Solnit's interest in disaster communities began with her experience of the 1989 Loma Prieta earthquake in San Francisco. The institutional narrative—media reports of looting, official warnings of chaos, National Guard deployments—diverged sharply from what she and her neighbors actually experienced: spontaneous cooperation, shared resources, collective problem-solving. The divergence prompted two decades of research into other disasters, revealing that the pattern was not unique to San Francisco or to earthquakes but appeared across cultures, across disaster types, and across centuries.
The concept builds on earlier sociological work—Charles Fritz's 1961 disaster research, Kai Erikson's studies of technological catastrophes, the mutual aid tradition of Kropotkin—but Solnit's synthesis was the first to frame disaster communities as a demonstration of latent human capacities systematically suppressed by ordinary institutional arrangements.

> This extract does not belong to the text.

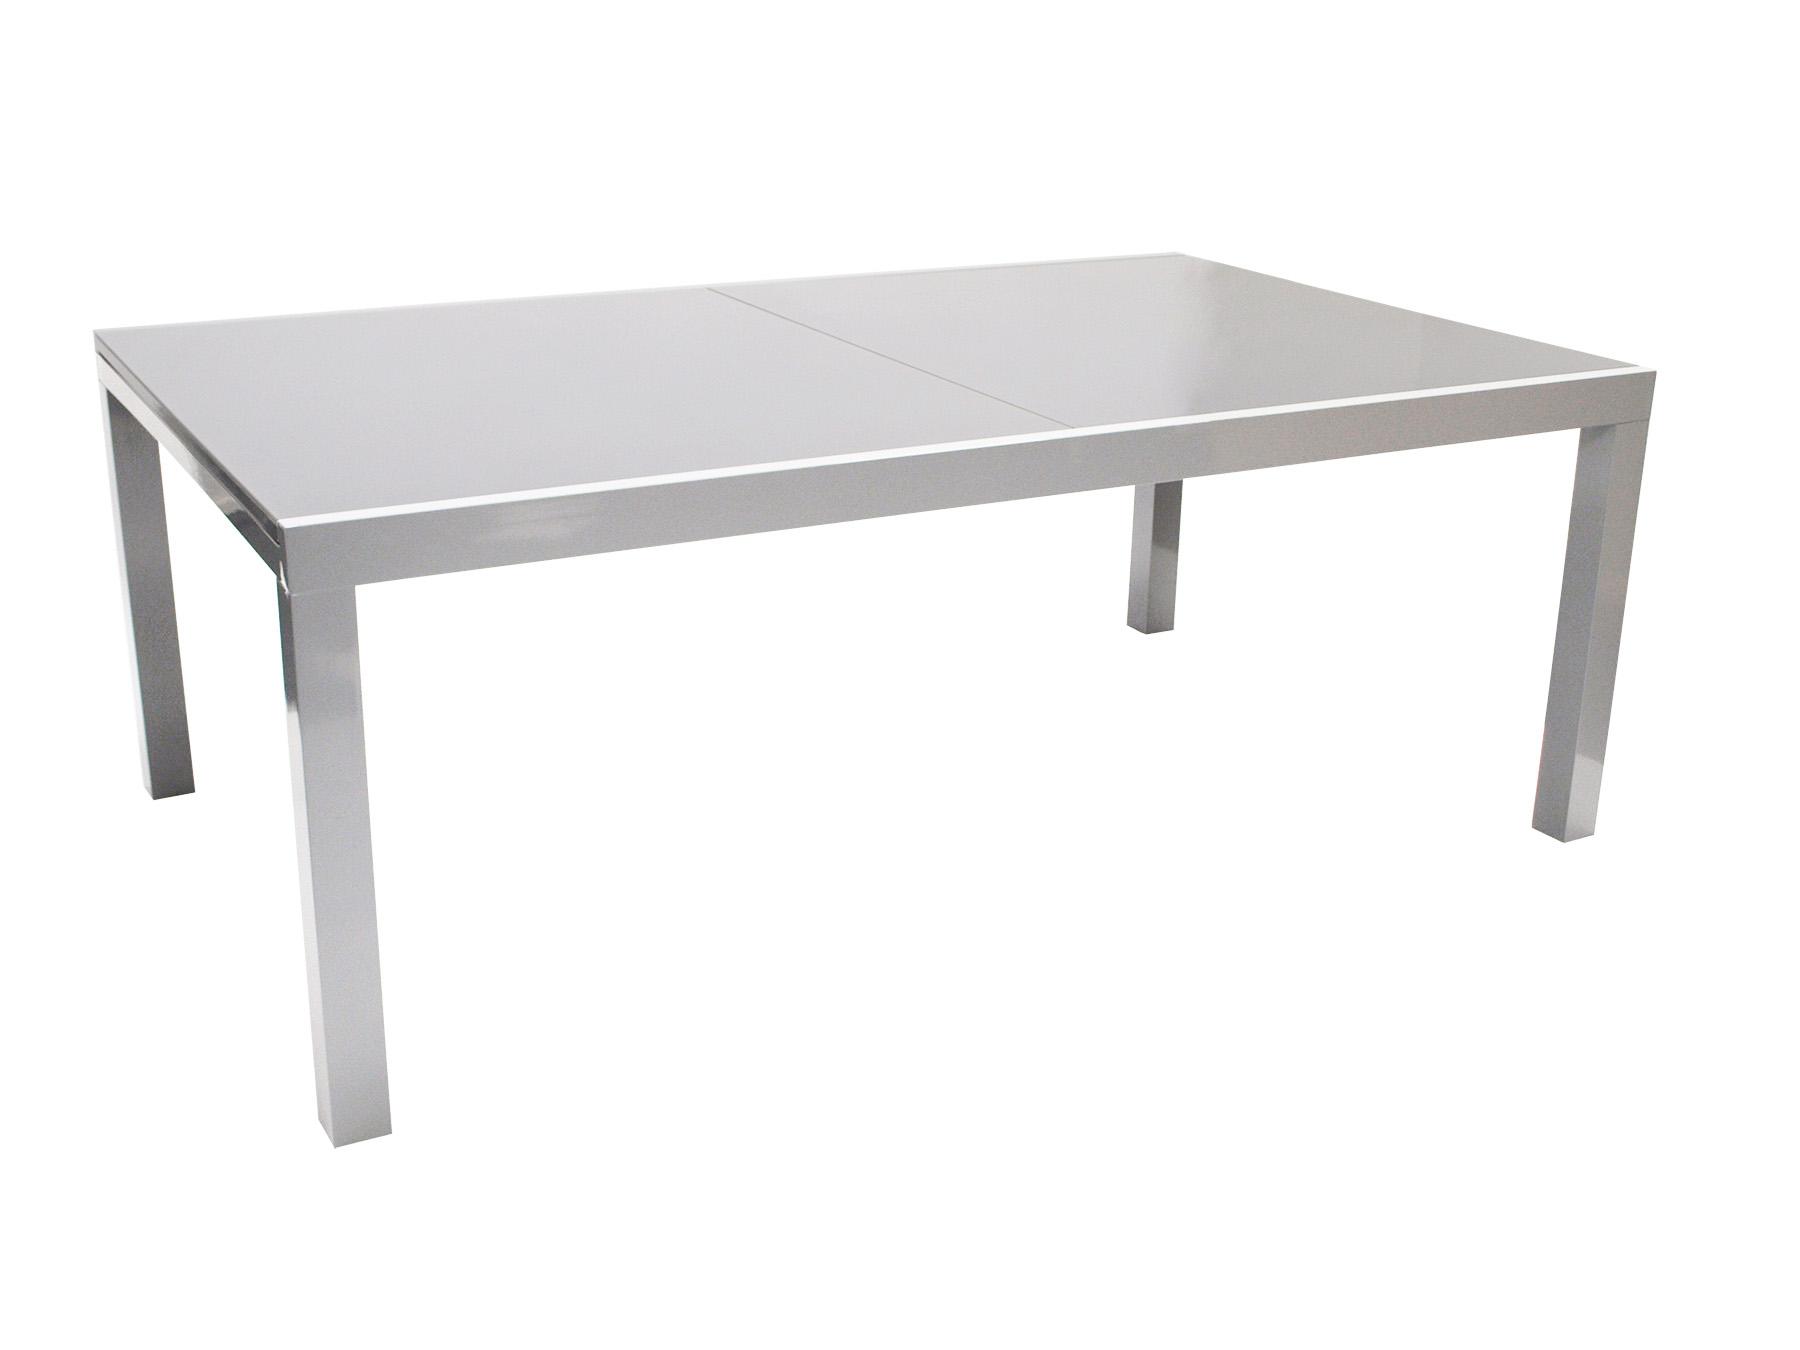 Ausziehtisch MARINA 180/240x100cm, Aluminium + Glas grau

The disaster does not create the capacity for cooperation; it removes the structures that had been preventing cooperation from manifesting.

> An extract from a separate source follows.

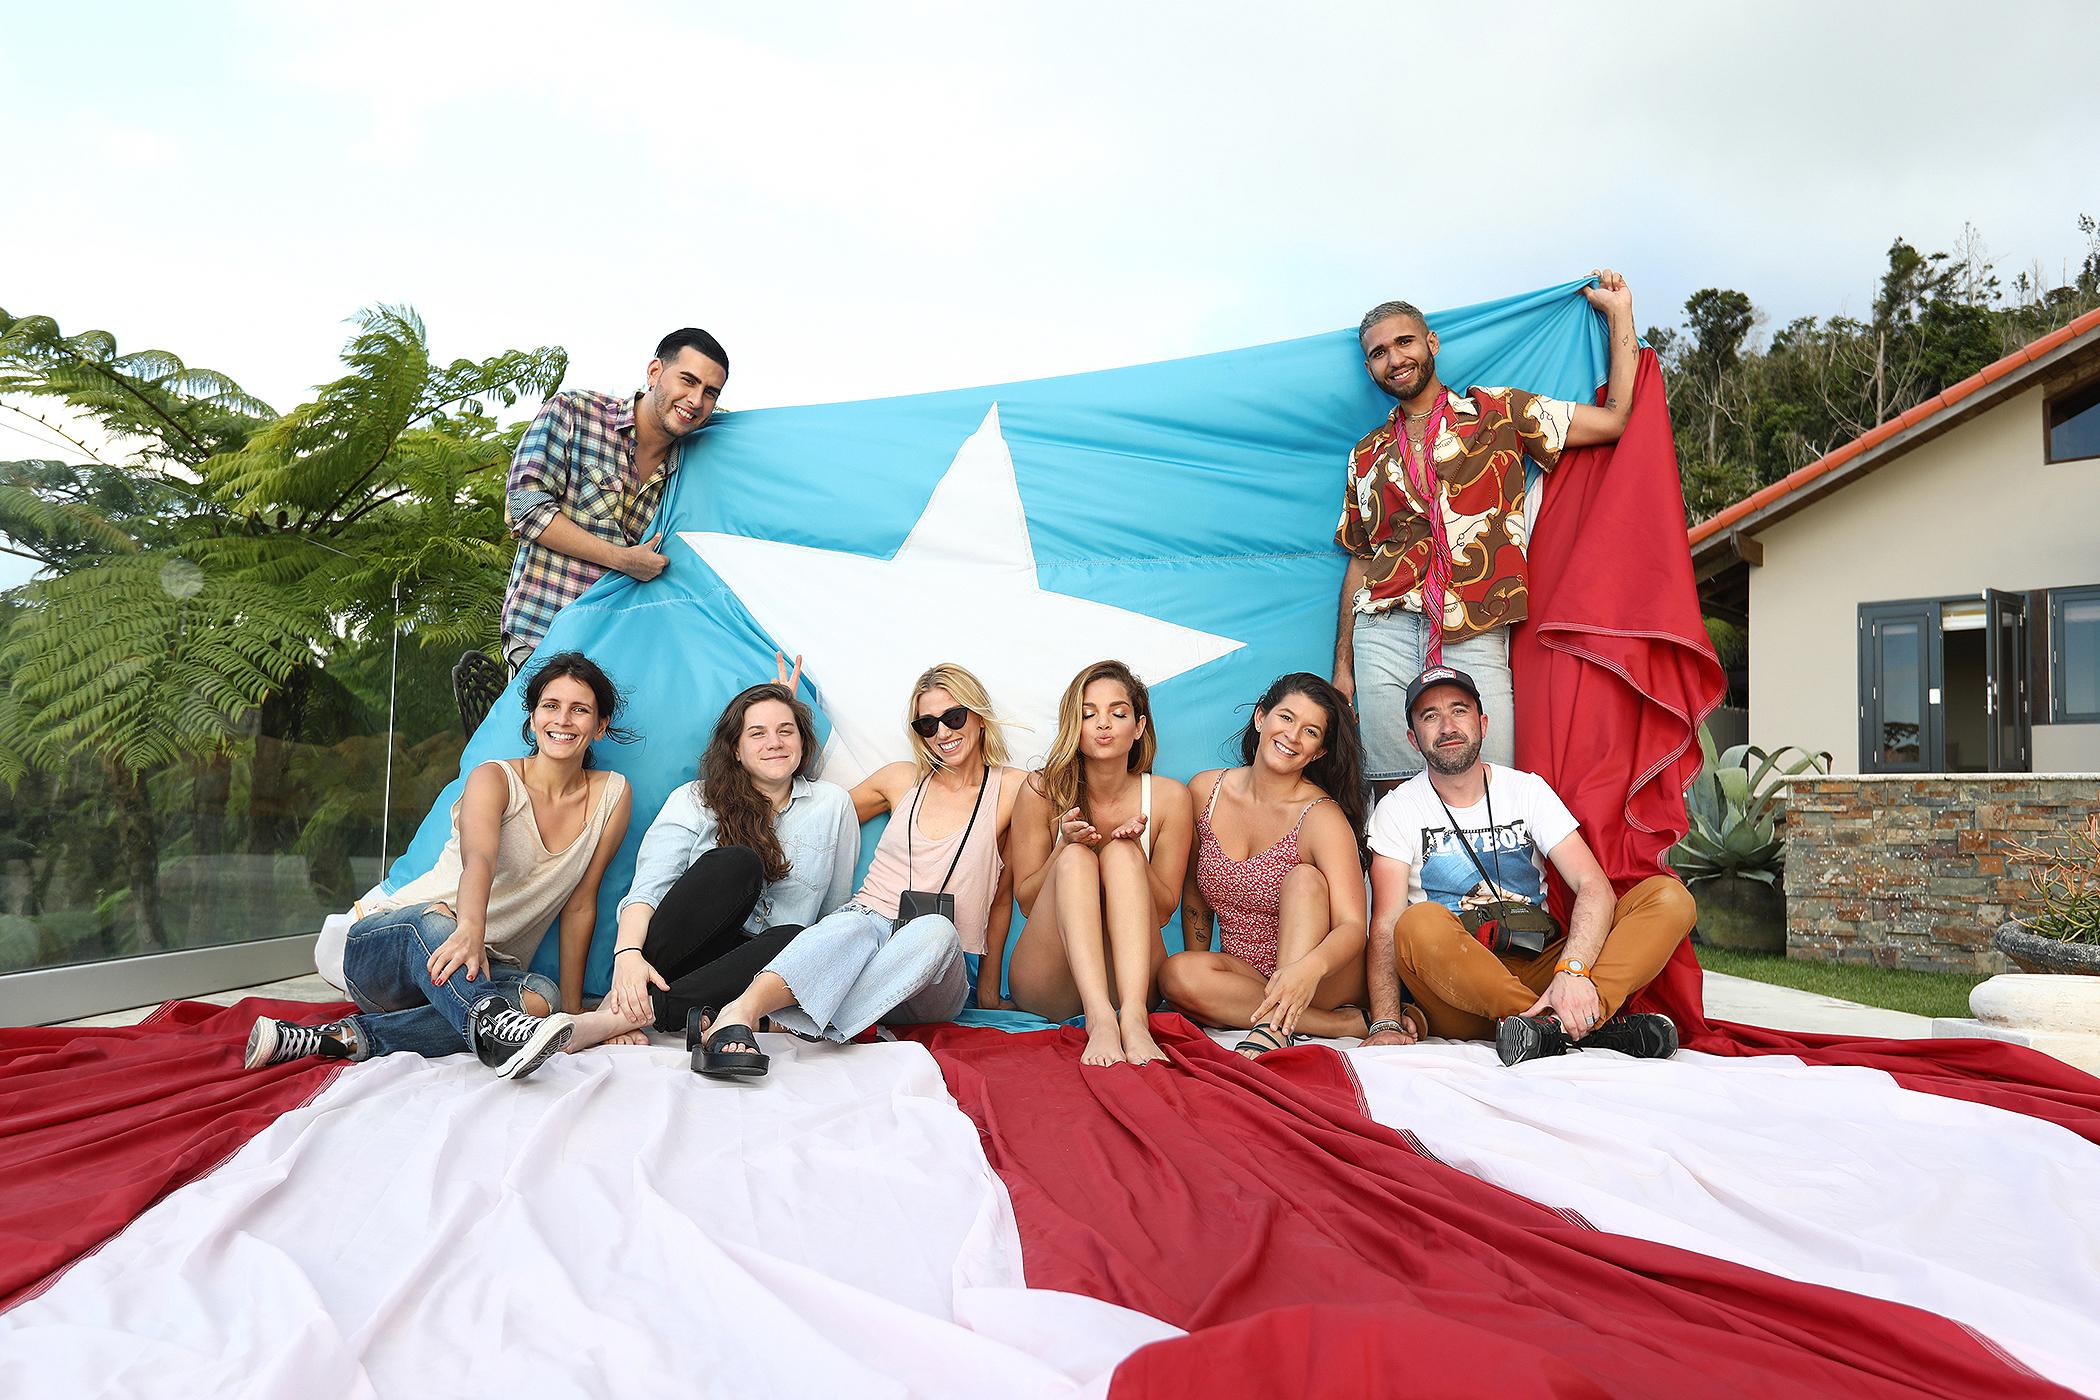 ana dias playboy team in puerto rico

Elite Panic, Not Mass Panic. The chaos following disasters is typically produced not by the population but by authorities responding to imagined threats—National Guard deployments to prevent looting that wasn't happening, media reports of violence that didn't occur, institutional interventions that disrupted the mutual aid already underway.
Cooperation as Default, Not Exception. The disaster community is not a miraculous outbreak of altruism but the revelation of a default human capacity that ordinary institutional life obscures. When survival depends on cooperation, people cooperate—efficiently, creatively, and without waiting for institutional direction.
Temporary and Fragile. Disaster communities are displaced when institutional structures reassert themselves. The spontaneous cooperation of the gap rarely survives the return to normalcy, because normalcy is organized around different principles—property, hierarchy, market exchange—that the disaster had temporarily suspended.
Institutionalization Challenge. The labor movement, civil rights movement, and environmental movement all faced the same challenge: converting spontaneous cooperation into durable institutions before the window closed. Success required specific, sustained, organized effort—not the preservation of the disaster community itself (which is impossible) but the translation of its cooperative logic into governance structures that could survive institutional reassertion.
The AI Transition as Disaster. The collapse of professional identity structures, the sudden obsolescence of decade-long investments in skill, the vertigo of watching machines do what you spent years learning—these share the essential features of disaster: the ground moving, old certainties dissolving, new forms of cooperation emerging in the clearing. The question is whether the cooperation can be institutionalized before proprietary platforms capture it.